Acupuncture won’t replace other forms of treatment for addiction, PTSD, stress, and psychological and emotional trauma, but when used in conjunction with those programs, it can lead to demonstrably more effective treatment, according to Libby Stuyt, MD, of the Colorado Mental Health Institute at Pueblo.
Stuyt is the medical director for the institute’s Circle Program, a state-funded, 90-day inpatient, dual-diagnosis treatment program for men and women who have failed to complete other programs.

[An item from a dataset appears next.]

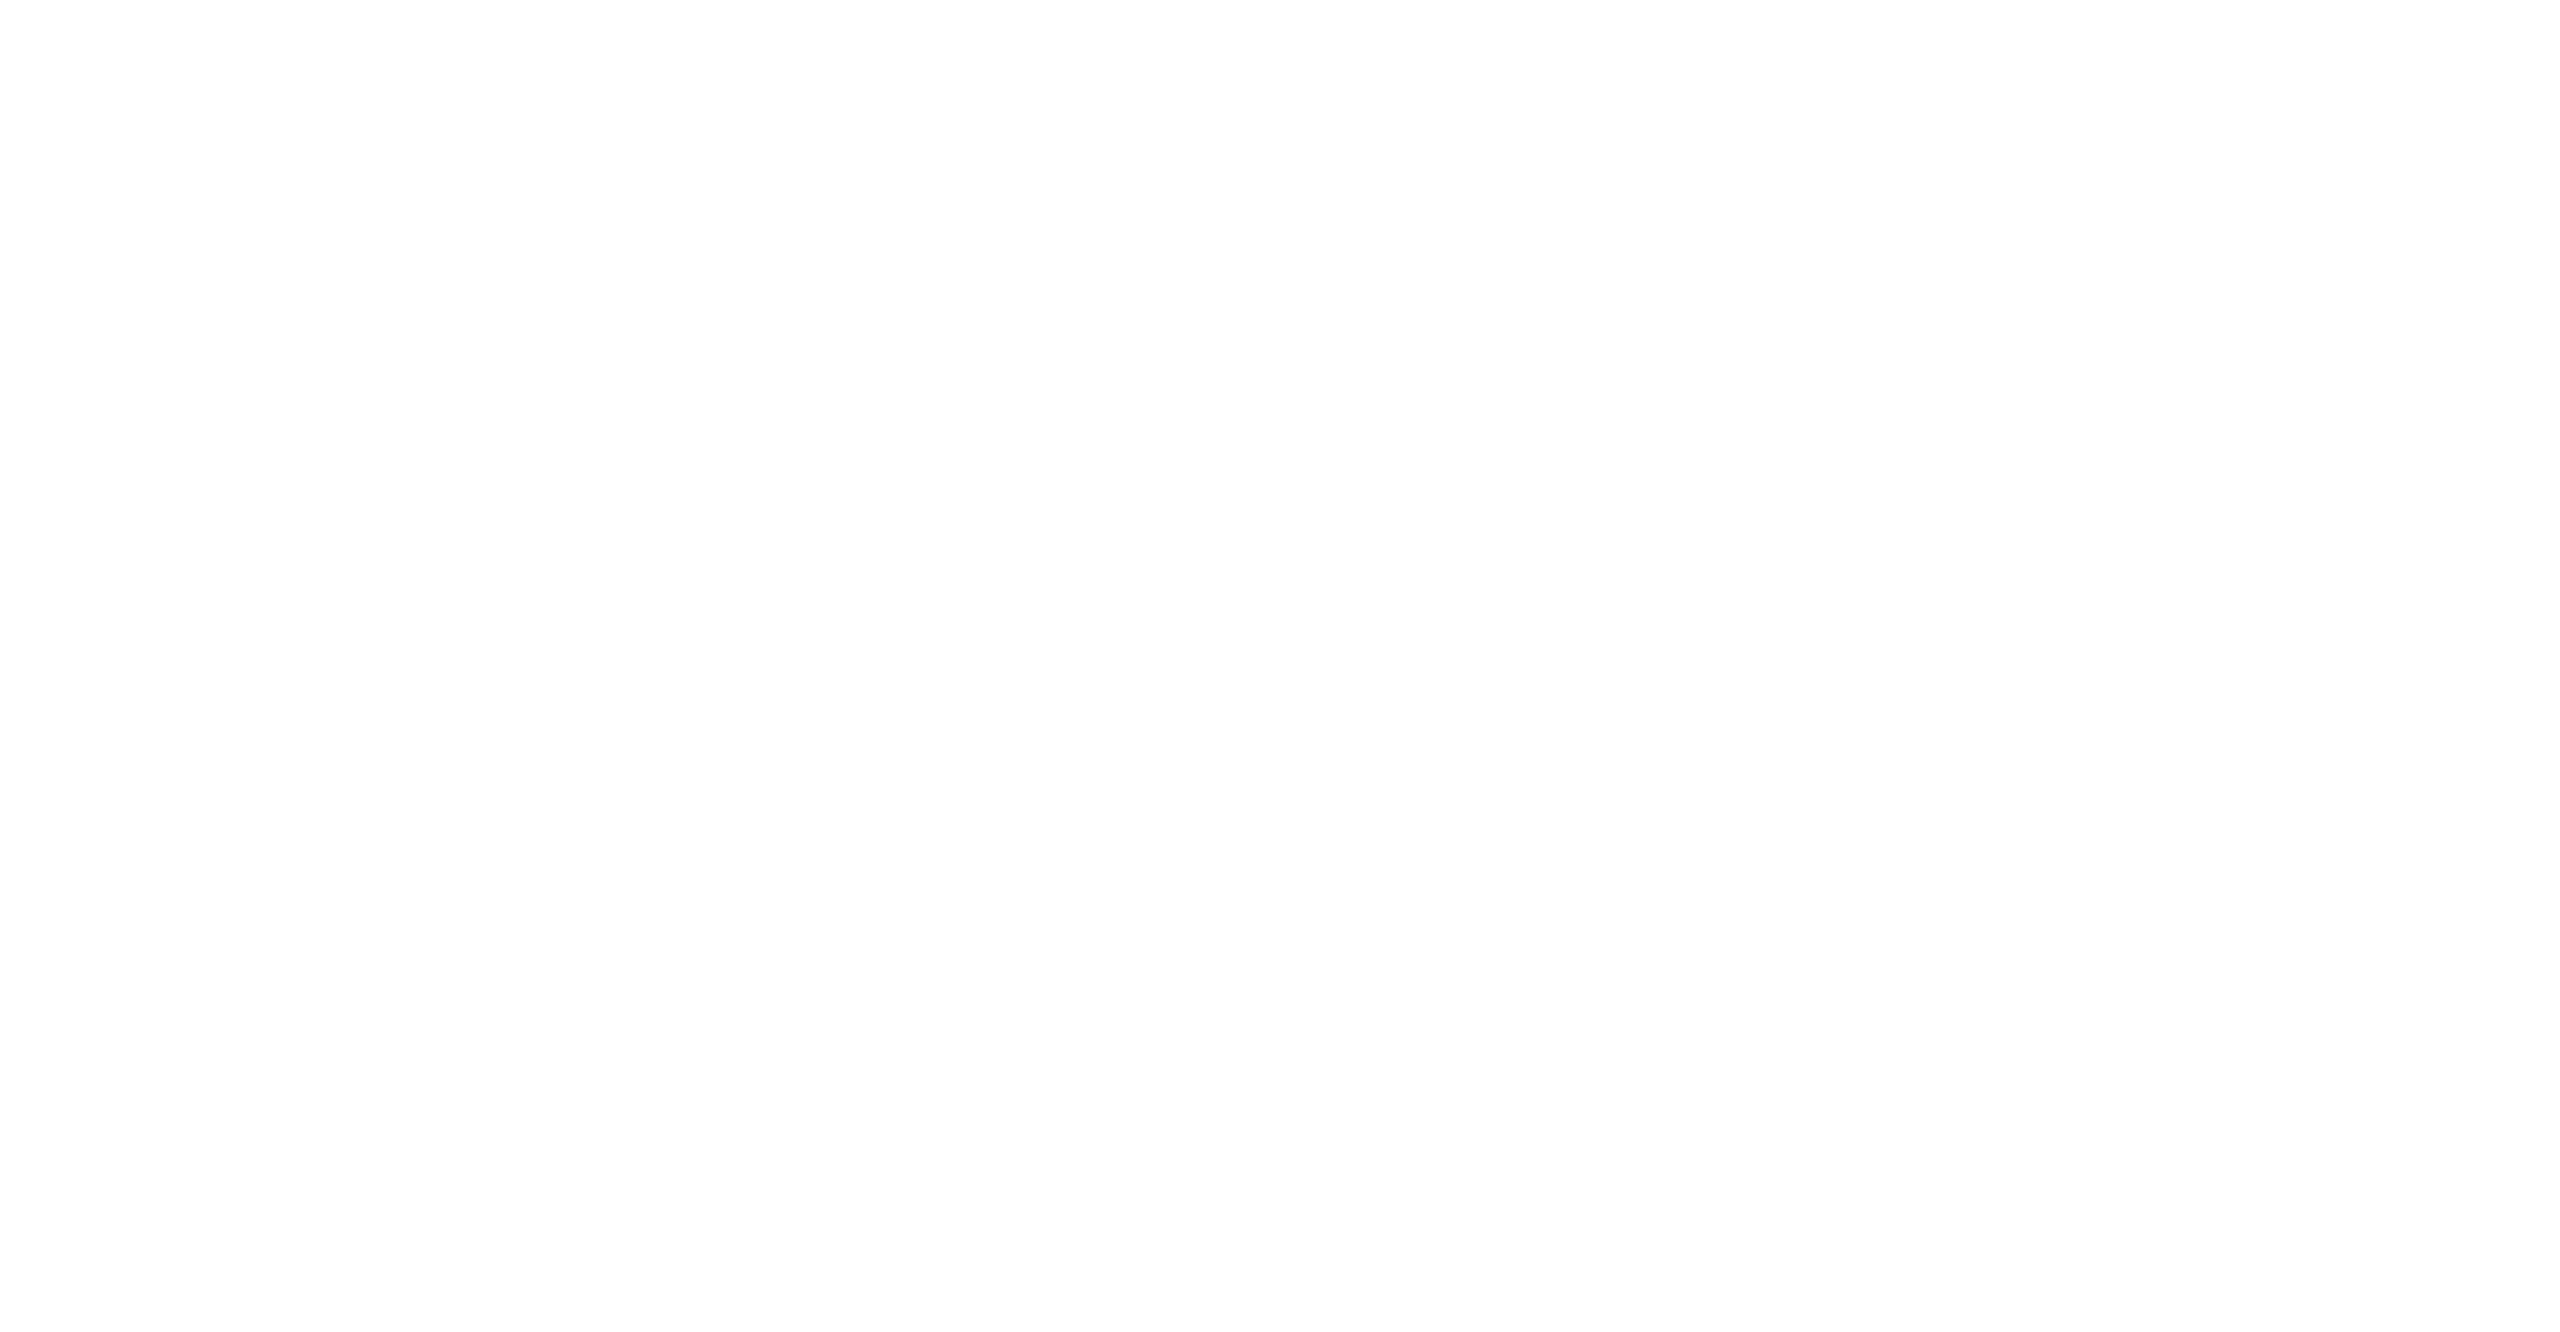 Logo for Lloyd’s Register

The Circle Program uses the National Acupuncture Detoxification Association (NADA) 5-point ear acupuncture protocol to help calm patients and cope with trauma so they can be more active participants in other areas of treatment.

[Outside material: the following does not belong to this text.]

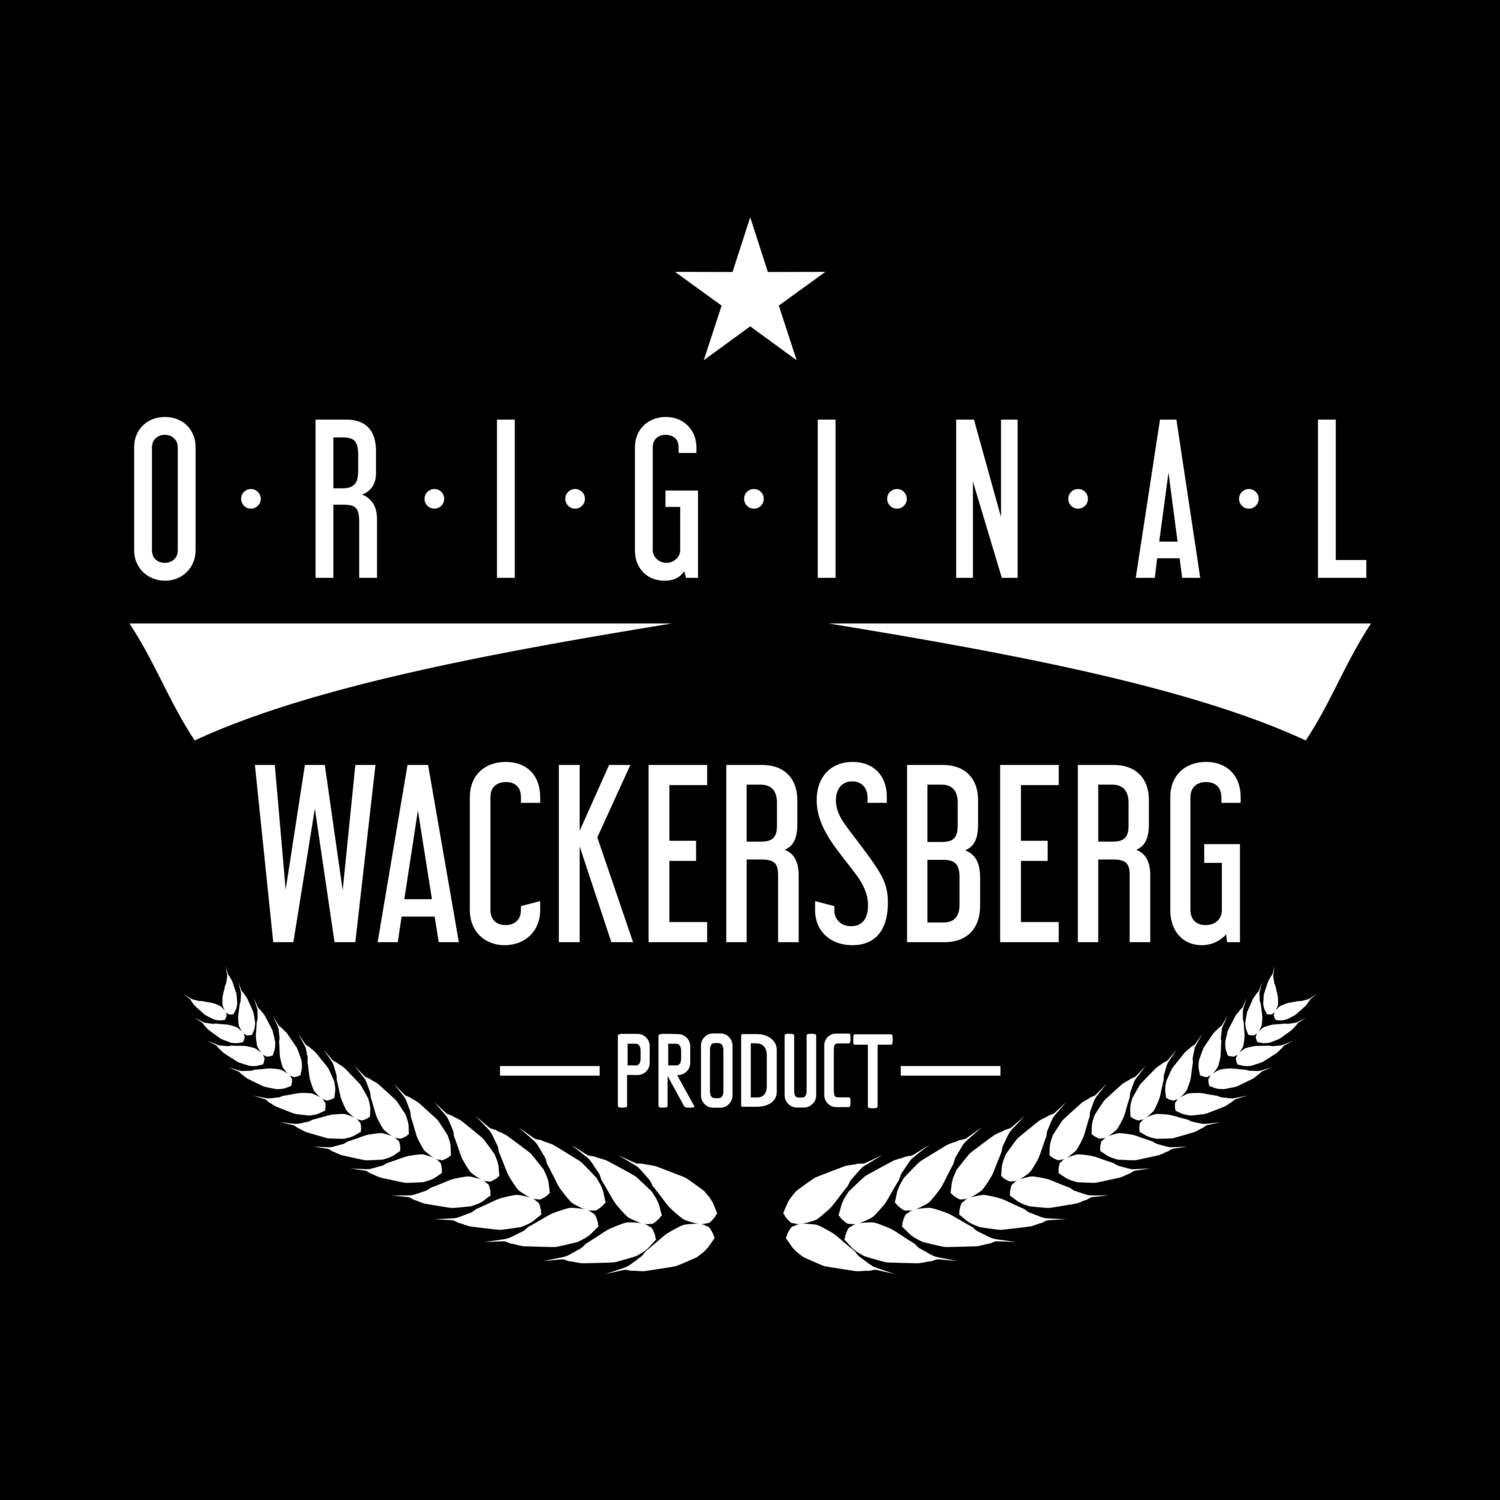 Wackersberg T-Shirt »Original Product«

Separate studies have shown incorporating acupuncture into programs has reduced dependence on heroin, cocaine and alcohol, and made patients more likely to complete treatment, Stuyt told National Conference on Addiction Disorders attendees Saturday in Denver.
“This is such a relaxing protocol,” Stuyt said. “Even though patients are stressed out and all these bad things are happening, they can regroup and address what else is going on. That’s why it keeps people in treatment.”
Ideally, patients receive one 30- to 45-minute acupuncture treatment, three to five times per week, Stuyt said. Additional sessions can be implemented during detoxification.
Stuyt noted a 2005 study published in the Medical Acupuncture Journal that found after six months, 22 substance abuse treatment patients who also received NADA completed treatment at a higher rate than 22 non-NADA patients (74% vs. 44%), spent fewer days in inpatient rehabilitation on average (39 days vs. 47) and had lower costs incurred ($15,580 vs. $17,890).
To date, however, the number of programs that incorporate acupuncture in the U.S. remains small. As of 2012, just 628 of 14,311 programs surveyed by the Substance Abuse and Mental Health Services Administration (SAMHSA) reported using acupuncture.
One reason for that relatively low number is that acupuncture practicing laws vary by state; 21 states have a form of NADA exemption that allows for an expanded scope of practice beyond acupuncturists and physicians, but other states have stringent limits on accessibility to the protocol.